Macro computing requires that chips can support large-scale deployment. Macro computing is proportional to the unit chip computing power and the scale of chip deployment. However, various performance enhancement solutions may sacrifice programmability, making it difficult for chips to achieve large-scale deployment, further affecting the growth of macro computing. A typical example is the current difficulty in the large-scale deployment of AI chips.
The one-time cost of chips is too high. Hundreds of millions in NRE costs require large-scale deployment of chips to amortize the one-time costs.
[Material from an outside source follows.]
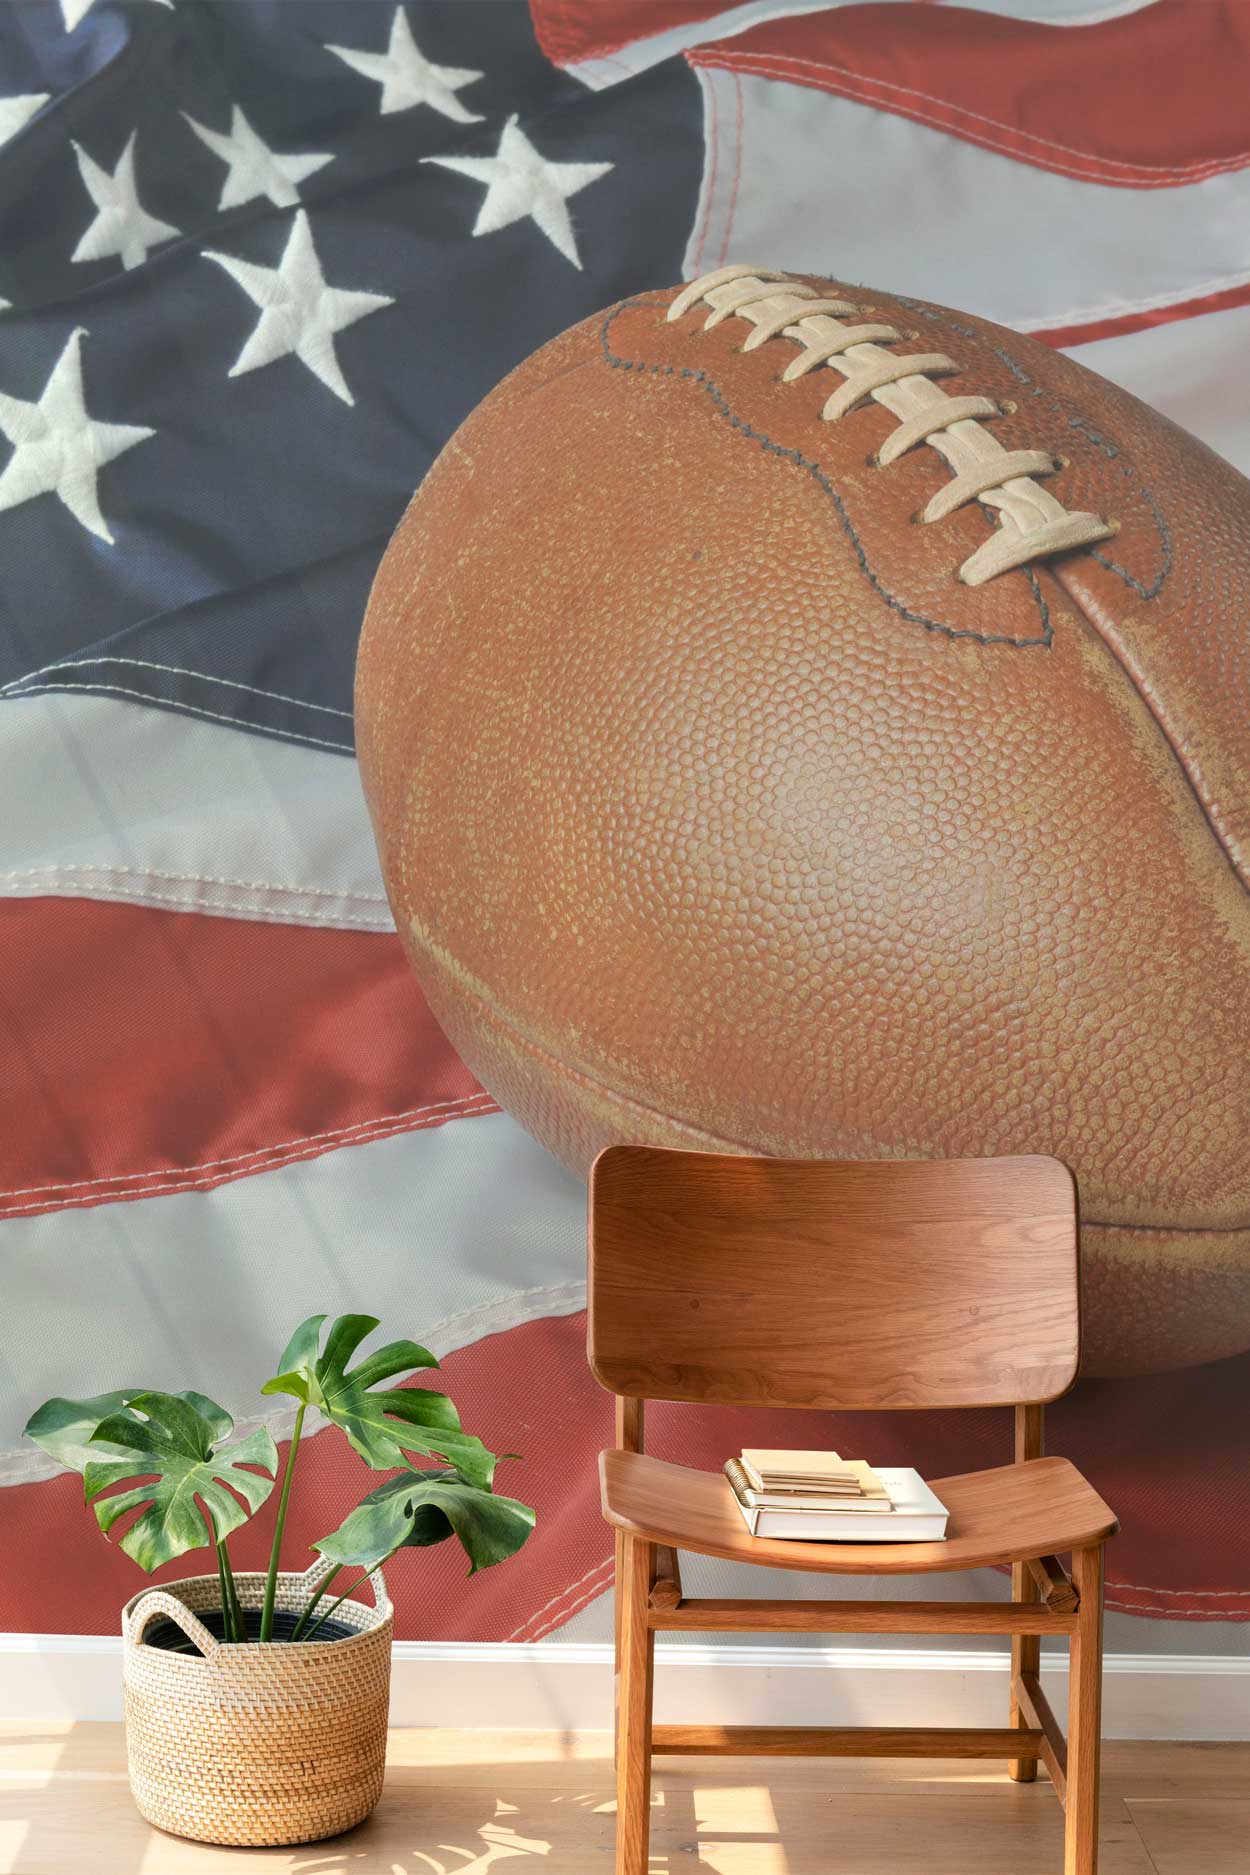 football-against-an-american-flag-wall-mural

This necessitates that chips be sufficiently “general-purpose” to be deployed in many scenarios.
The threshold for ecosystem building. Large chips require frameworks and ecosystems, which have high thresholds and require long-term accumulation, making it difficult for small companies to invest heavily over the long term.
Integration of computing platforms. The integration of cloud, network, edge, and terminal requires the construction of a unified hardware platform and system stack.
And so on.

3.2 Solutions: Connecting the Islands of Heterogeneous Computing to Form Ultra-Heterogeneous

Ultra-heterogeneous can be seen as an organic combination of homogeneous parallelism of CPU+CPU and heterogeneous parallelism of CPU+other xPUs, forming a new super-large system.

Ultra-heterogeneous is a new macro system organically composed of CPUs, GPUs, FPGAs, DSAs, ASICs, and various other acceleration engines.
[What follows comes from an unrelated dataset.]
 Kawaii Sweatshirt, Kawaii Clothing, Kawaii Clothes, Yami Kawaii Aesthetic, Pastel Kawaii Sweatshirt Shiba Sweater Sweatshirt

3.3 Differences Between Ultra-Heterogeneous and SoC

The ultra-heterogeneous processor (HPU) can be considered an SoC, but it differs significantly from traditional SoCs. If these differences are not recognized, the essence of HPU cannot be understood. The table below shows some typical comparative differences.

4 Why Now? (The Rise of Ultra-Heterogeneous Computing)

4.1 The Failure of Moore’s Law Based on CPU Triggers a Chain Reaction

Systems are becoming increasingly complex, requiring the selection of more flexible processors; meanwhile, performance challenges are growing, necessitating the choice of customized accelerated processors. This creates a contradiction that pulls at our various computing chip designs.The essence of the contradiction is that a single processor cannot balance performance and flexibility; even if we strive to achieve balance, it only addresses the symptoms, not the root cause.

CPUs are highly flexible and, when meeting performance requirements, are the optimal processors in complex computing scenarios such as cloud computing and edge computing. However, due to the performance bottlenecks of CPUs and the continuously rising demand for computing power, (from a computing perspective) CPUs are gradually becoming non-mainstream computing chips.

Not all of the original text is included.